Мы же новые, не как чистокровные, мы же весь гнев Господень на себя взяли. От того у нас и уродства, и дети мертворожденные бывают. Доколе нам еще страдать за грехи предков?! До Катастрофы же все были как чистокровные. Почему тогда гнев Господень пал не на них? Почему нам страдать из-за черной магии ихней? Или, неужто, энто все мне из-за колодца?
Я огляделся: погода хоть и ясная, но солнце уж к закату клонилось. Я могилку Тимофеюшке у самого края леса выкопал, там и схоронил. Все по христианскому обычаю сделал: тельце в чистую ткань замотал, сверху камней сложил и деревянный крест соорудил.
Взял лопату и обратно воротился. Иду, а сам думаю: заночевать здесь и утром за Любавой отправиться или прямо сейчас и идти? Далеко ли дойду? Они-то все, судя по следам, верховые. А мой конь чуть не помер намедни, до сих пор, небось, в мыле стоит. Привести бы его да сеном накормить.
Только к дому подошел, а из-за него на меня хмырь какой-то выскакивает. Ну, я лопатой как замахнусь, а он и визжит:
— Не бей!
— Никодим? Ты ли это, Ушастый?!
И как я сразу не признал? Уши вон как торчат в разные стороны, заостренные к концам — сразу видно, кто это. Эх, темнота проклятая да неожиданность. Чуть побратима не прибил.
— Я! Я! Древом Жизни клянусь! Вот те крест! — неистово начал креститься он. Да так, что аж тарахтел от налагаемых на себя крестных знамений.
— Как же ты в живых остался? — полюбопытствовал я, опуская лопату.
— Мне-то почем ведать? — развел руками он. — Воскрес?
— Тьфу! — я аж на снег сплюнул и кулак ему показал: — Поколочу!
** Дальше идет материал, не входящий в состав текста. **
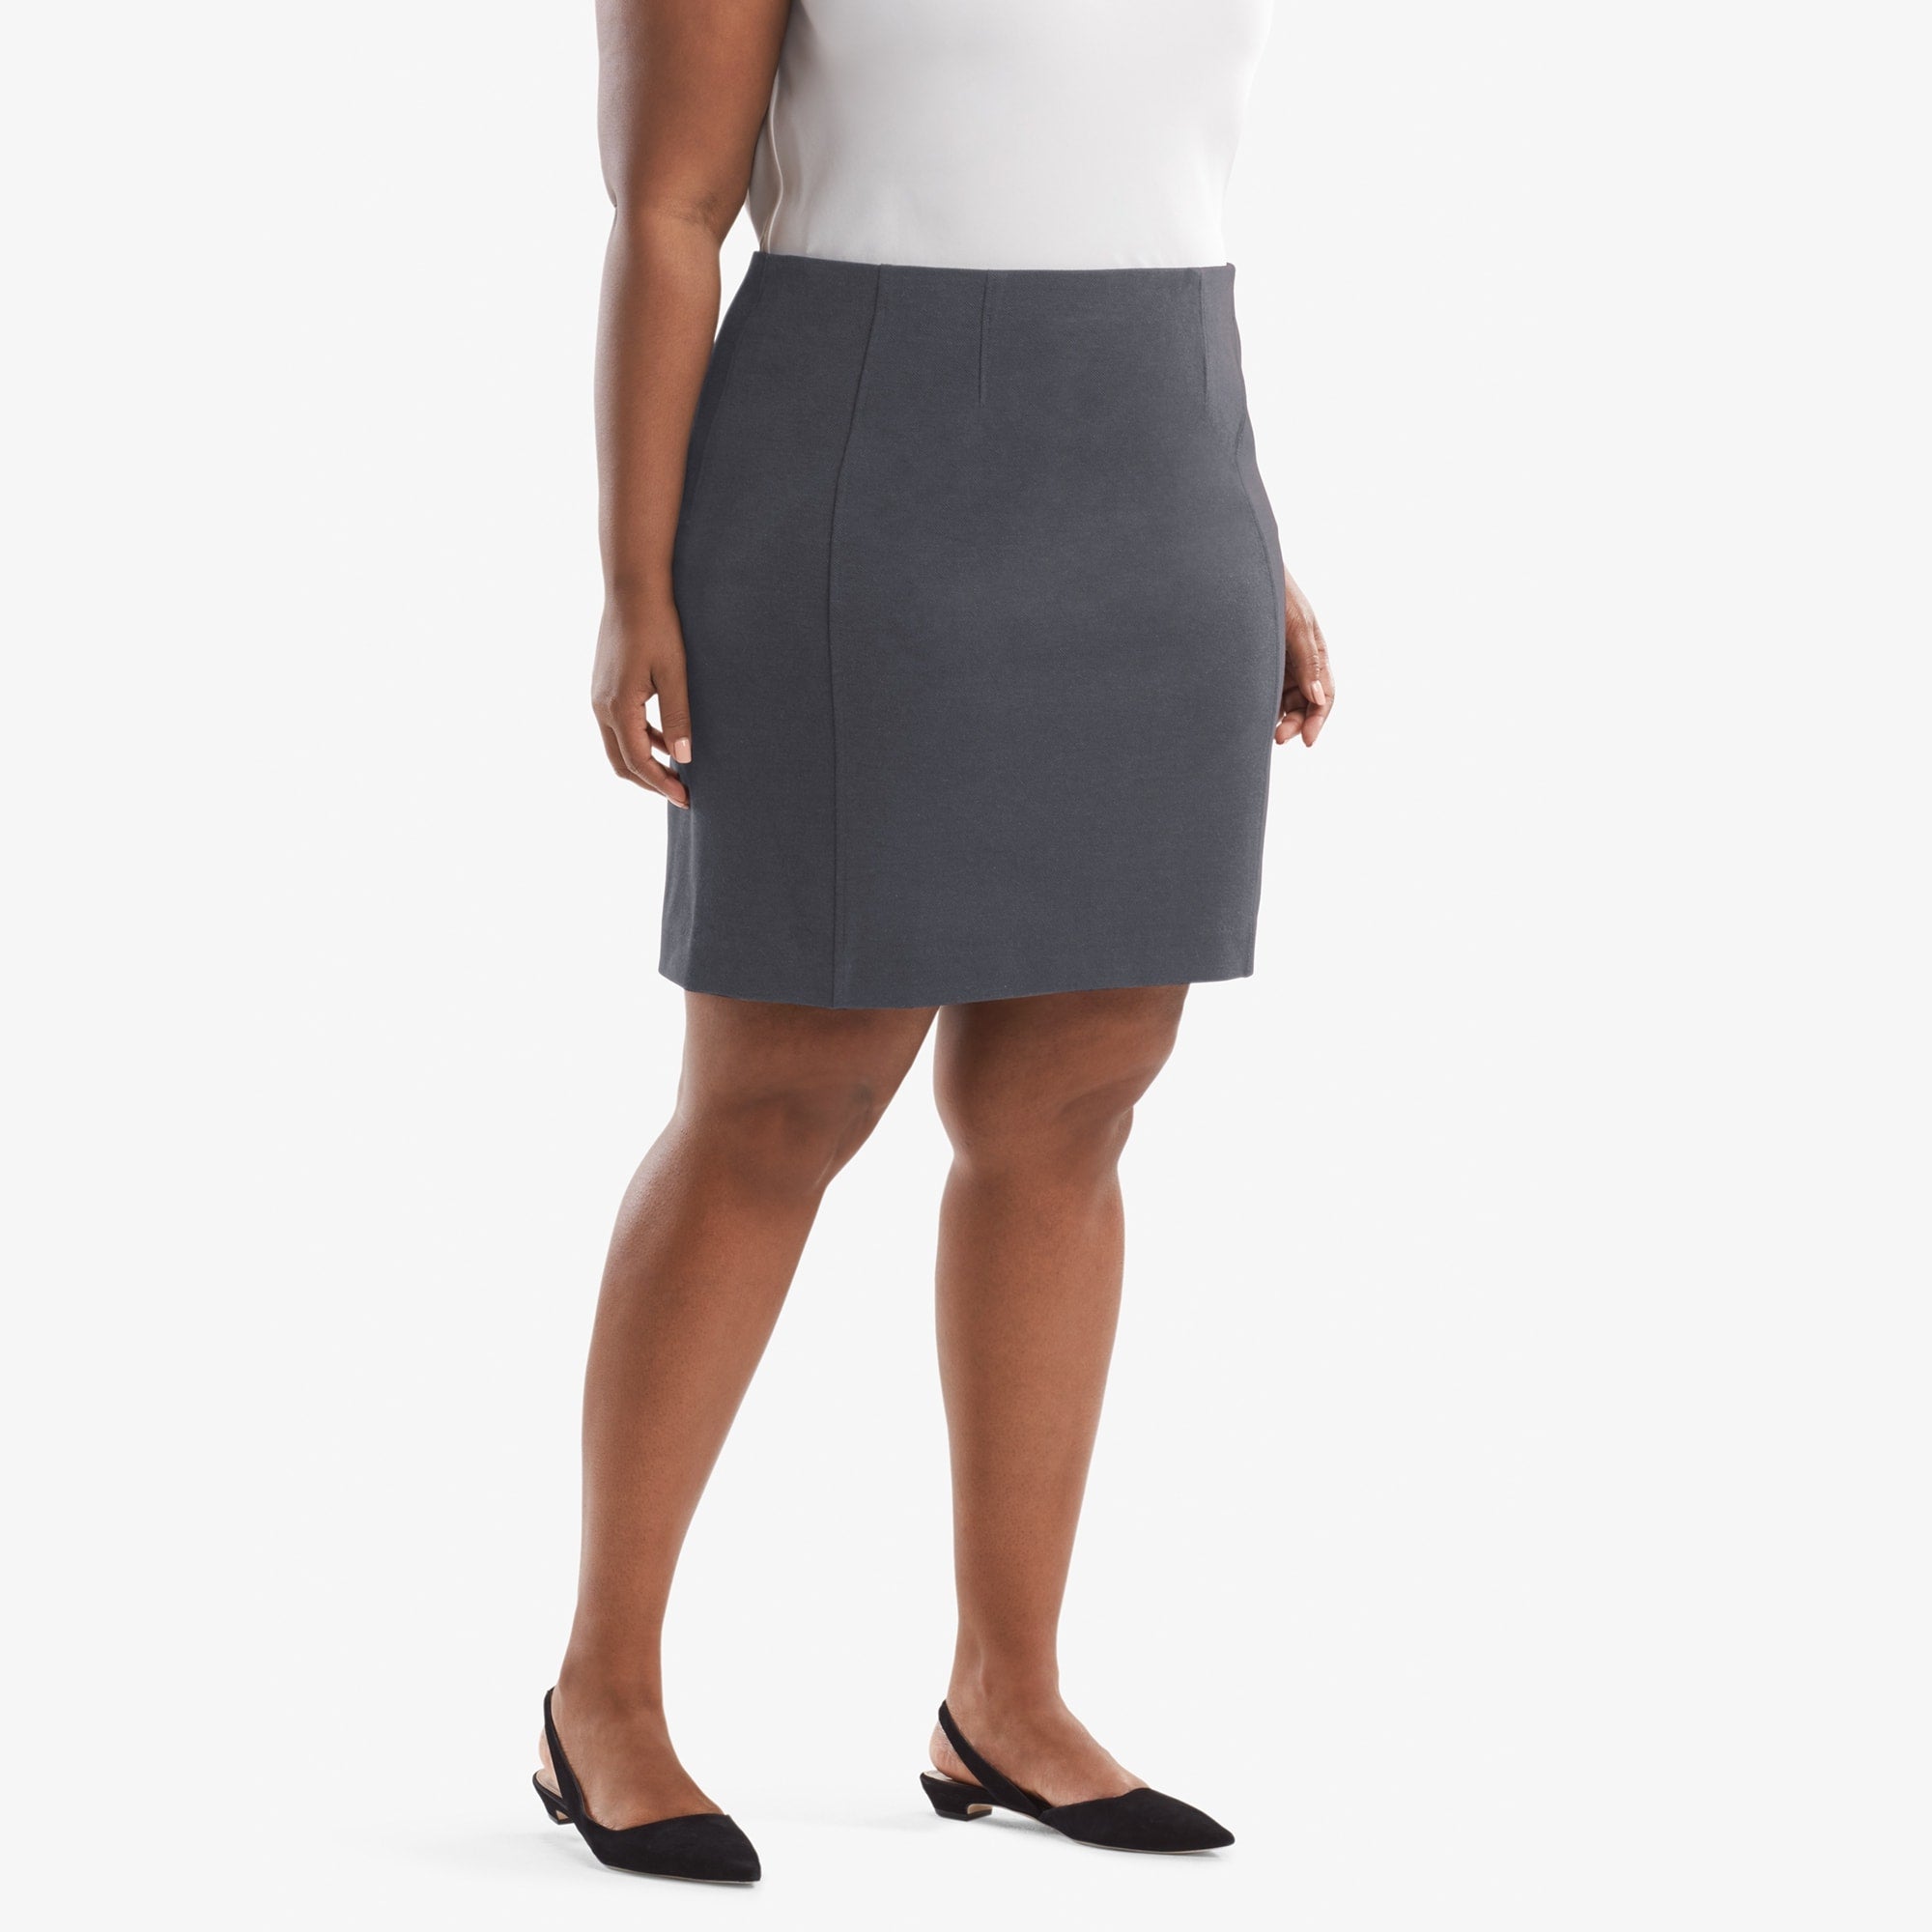 Side image of a woman standing wearing the Crosby skirt textured ponte in Charcoal
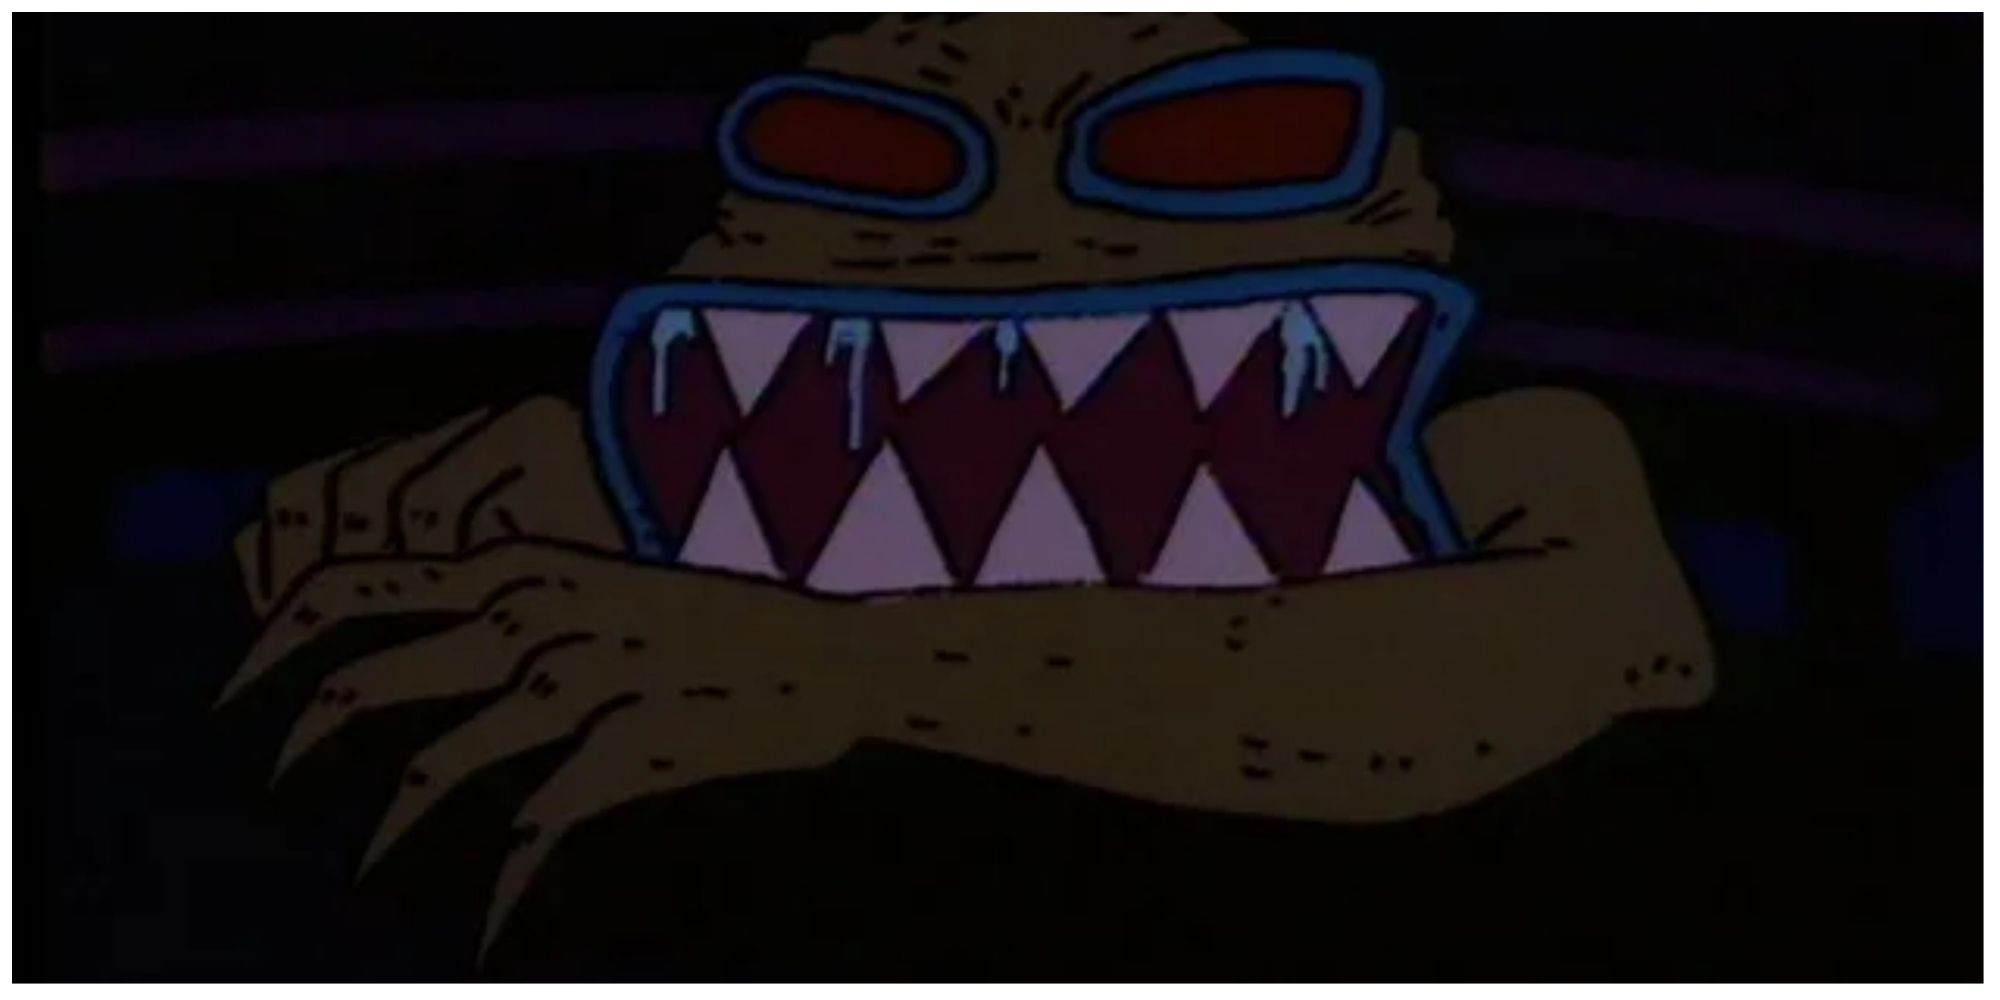 The monster under Chuckie's bed in Rugrats

Он-то помельче меня, сам тощий как щепка, зато уши вон какие — оттого и прозвище Ушастый. Никодим сник, шапку в руках затеребил и говорит:
— А я че? Я ниче! Иду себе, никого не трогаю! И тут откуда ни возьмись орда!
— На конях?
— На конях! — закивал неистово. — Сабли и палки у всех!
— Что за палки?
— Огненные! А из них гром!
— Тьфу! Никодим, ты мне сказки не сказывай! У меня первенец насмерть замерз, а Любаву забрали. Ты ее видел?
— Неа, — замотал ушастой головой, — я все истинно глаголю, как есть! Как все сам видывал! Своими глазами! Вот те крест! — опять затарахтел крестными знамениями он.
— Успокойся! В дом пойдем, печку растопим, успокоишься и поведаешь все по порядку.
Закивал опять неистово.
Я его в дом отправил, а сам за конем сходил. Еле нашел, завел в свой сарай, туда, где раньше козы стояли, воды ему поставил и сена заложил. Коз-то у меня больше и в помине нет — все нечестивцы проклятые украли.
Ну вот воротился я в дом, а Никодим уж и печку растопил. Ну так энто просто, а вот с дверью пришлось повозиться — петли-то с «мясом» оторвали, супостаты. От ведь нелюди! И что им неймется? Приладили мы дверь наконец, сидим у печки, и Никодим все сказывает:
— Я иду, значитца, а они отовсюду шасть! Шасть! И все на конях! И гром! И огонь из палок! — Оттопыренные уши у него так и задергались. Но уже вроде как немного успокоился, сидит у печки, греет руки о железную кружку с горячим чаем.
— Что за палки-то? — нахмурился я.
— А бес их знает! Я раньше никогда таких не видывал! Сказываю же, Михей, от Лукавого они! Палки-то! Никак, черная магия!
— Что же энто получается, черная магия опять в наш мир пришла?